Step 1: Leadership framework and role profiles

Together with the managers, we developed a leadership framework and a set of shared leadership values. A small project group, which included the HR lead, then designed role profiles for the managers – structured at two levels: division heads and department heads.

Some managers, especially the more experienced ones, were initially hesitant. They feared they might “look bad” if their results were too far from the target profile. We resolved this concern by discussing the results in confidential 1:1 coaching sessions and storing only anonymized results in the organization. Each manager had full access to their own profile, but no one else could see individual data.
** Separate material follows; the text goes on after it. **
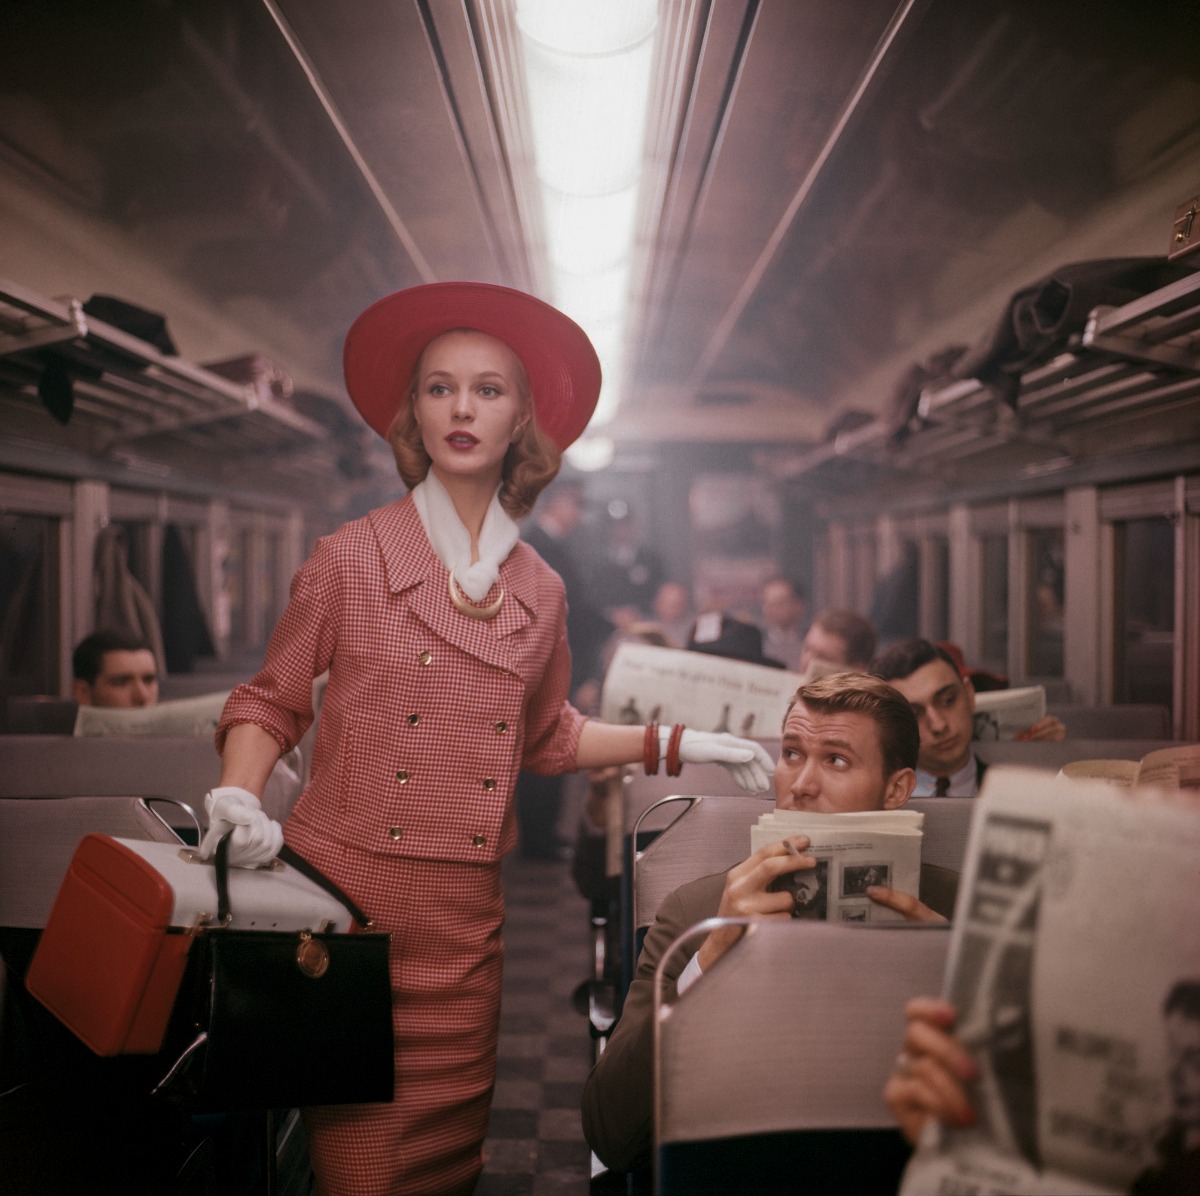  The Fashion Train, NYC 1960

Step 2: Competence profiles with KODE®

The competence model we used was KODE®, which allows both self-assessment and external assessment of competences. The target profiles included 10 competences, each with the required level of expression. The managers first completed a self-assessment questionnaire. Afterward, each manager participated in a 1:1 coaching session where we reviewed the profile and defined development needs.

As agreed, the results were then consolidated and anonymized, and reviewed jointly with HR and the CEO. Based on these insights, we designed a leadership development program focused on the competences identified as development areas during the coaching conversations.
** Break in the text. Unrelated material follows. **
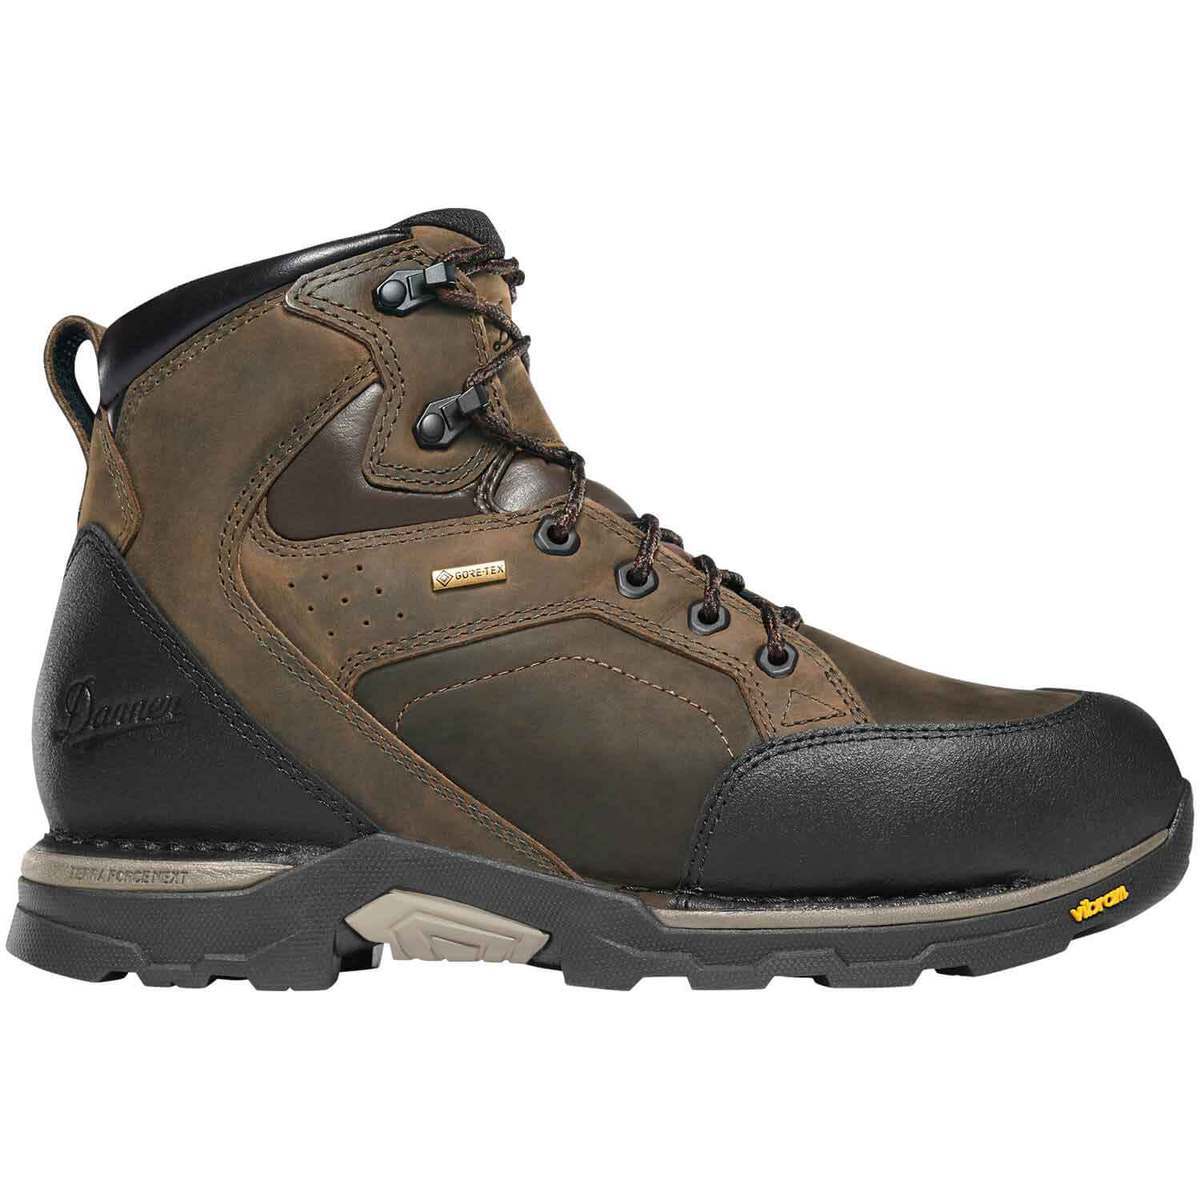 Danner Men's Crucial Composite Toe Work Boots - Brown - Size 13 EE ...

Step 3: Embedding feedback as part of the culture

To ensure sustainable competence development, the project group recommended to the CEO early on that, alongside working on competence profiles, the organization should strengthen its feedback culture. An accompanying organizational development initiative was launched to embed feedback more deeply. This included both structured team meetings and everyday leadership situations such as delegation.
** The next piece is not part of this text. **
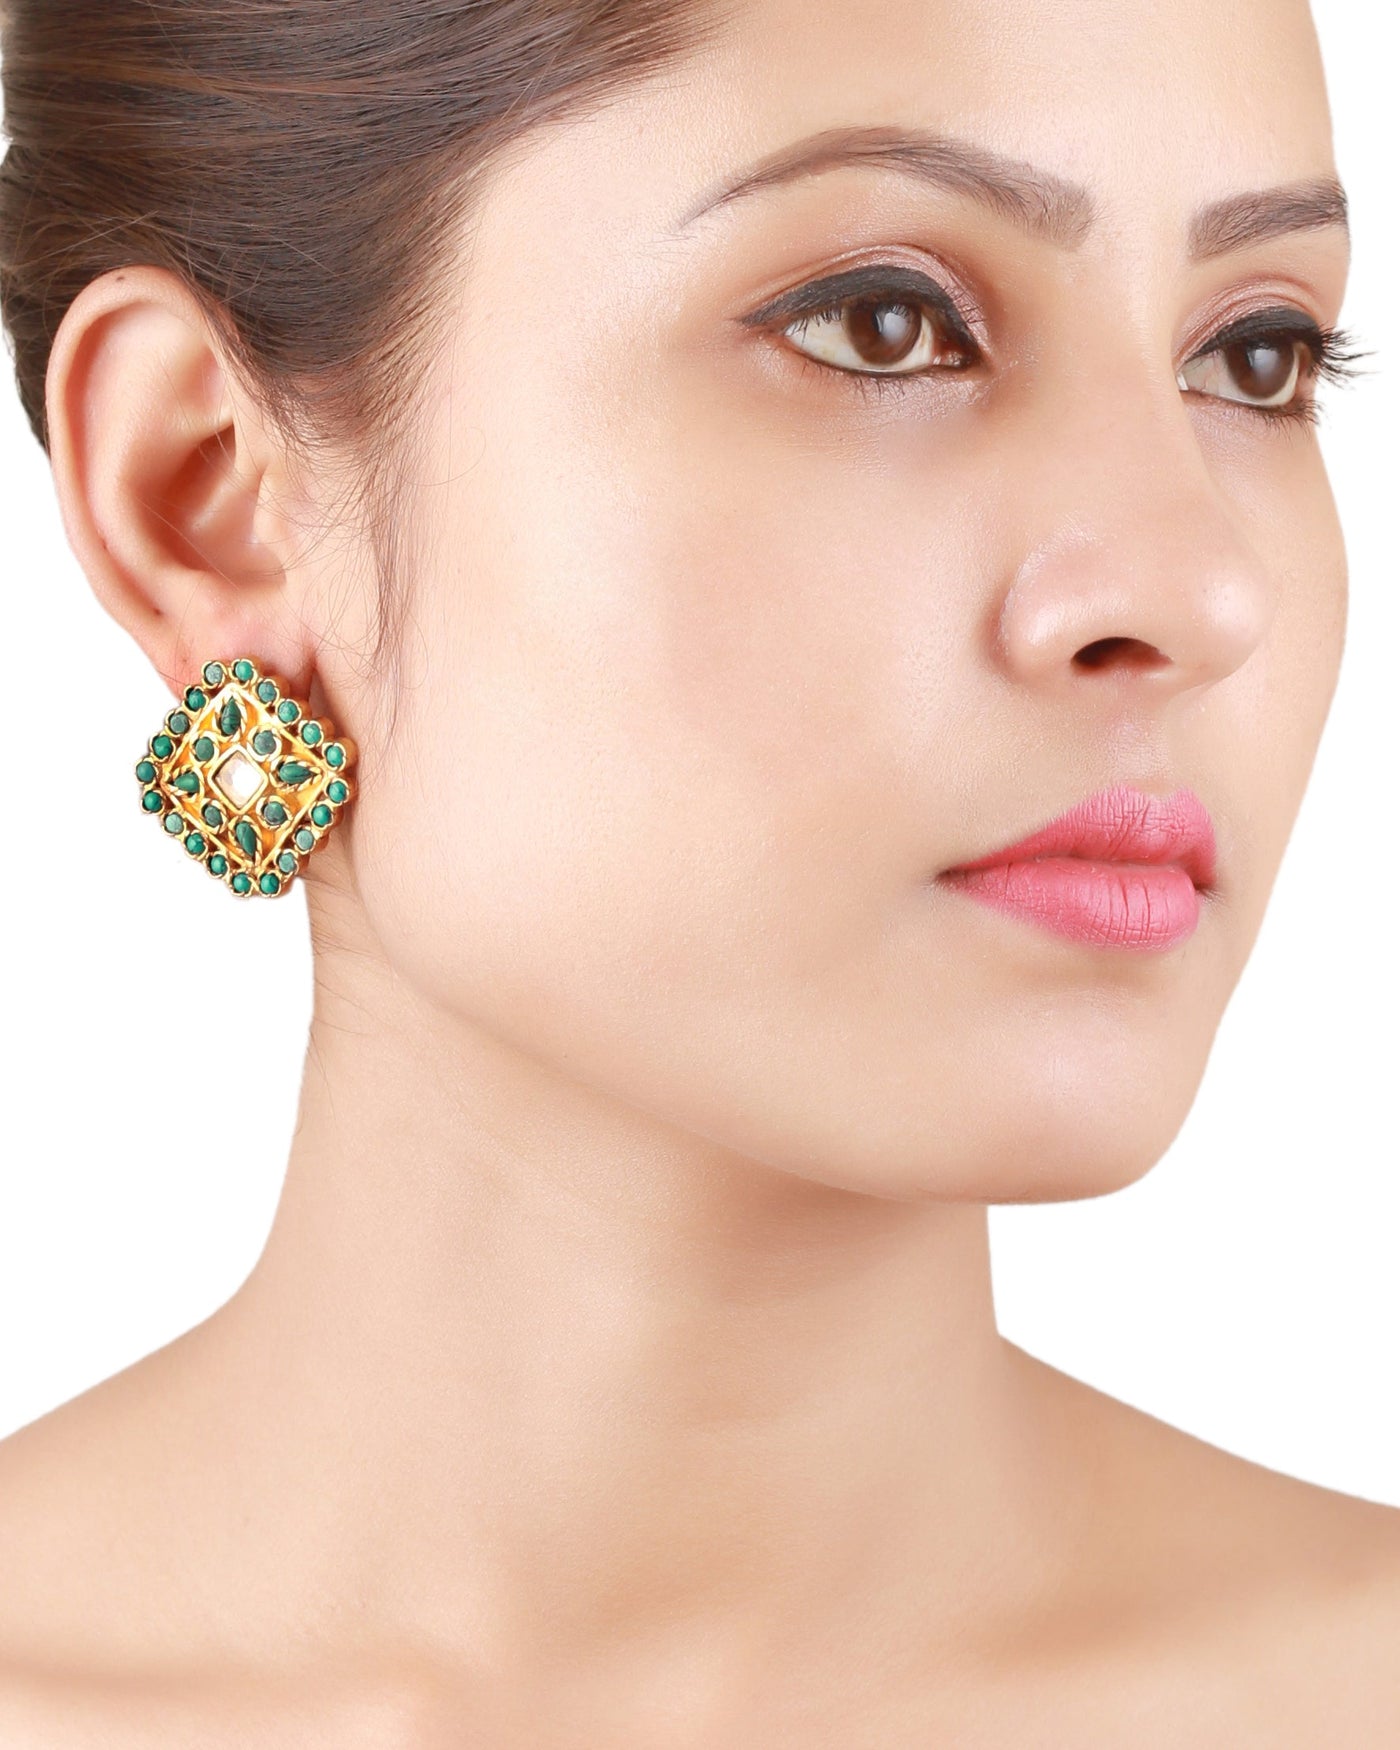 Sangeeta Boochra Earrings-Earrings-Sangeeta Boochra

Among all managers in a reporting line (e.g., division heads with their department heads, or department heads within the same division), structured 1:1 feedback was introduced on a monthly basis. The aim was not just to exchange feedback but to establish feedback as a natural part of daily leadership.

Step 4: Expanding to the expert level

Once the leadership team had established a foundation, competence management was rolled out to the expert level. The managers now took on the role of feedback givers. Together with HR, a structured talent development process was introduced that clearly differentiated between technical expertise and competences – and anchored both in an ongoing dialogue.

Key learning from the project

  • Competence management only works when integrated into existing processes such as performance reviews, feedback rounds, and coaching.
  • Technical skills are relatively easy to document, but competences are developmental profiles. The goal is less about evaluation and more about making progress visible.
  • A strong feedback culture is essential to support competence development in daily work.
  • Introducing competence management not only changes HR processes, it also strengthens leadership culture overall.

The company used the leadership transition as a chance to take a new path: moving away from the “CEO decides everything” approach toward a true leadership team that shares responsibility and grows together.

Competence management with KODE® became the lever – not as an evaluation tool, but as a development instrument that creates transparency and fosters learning.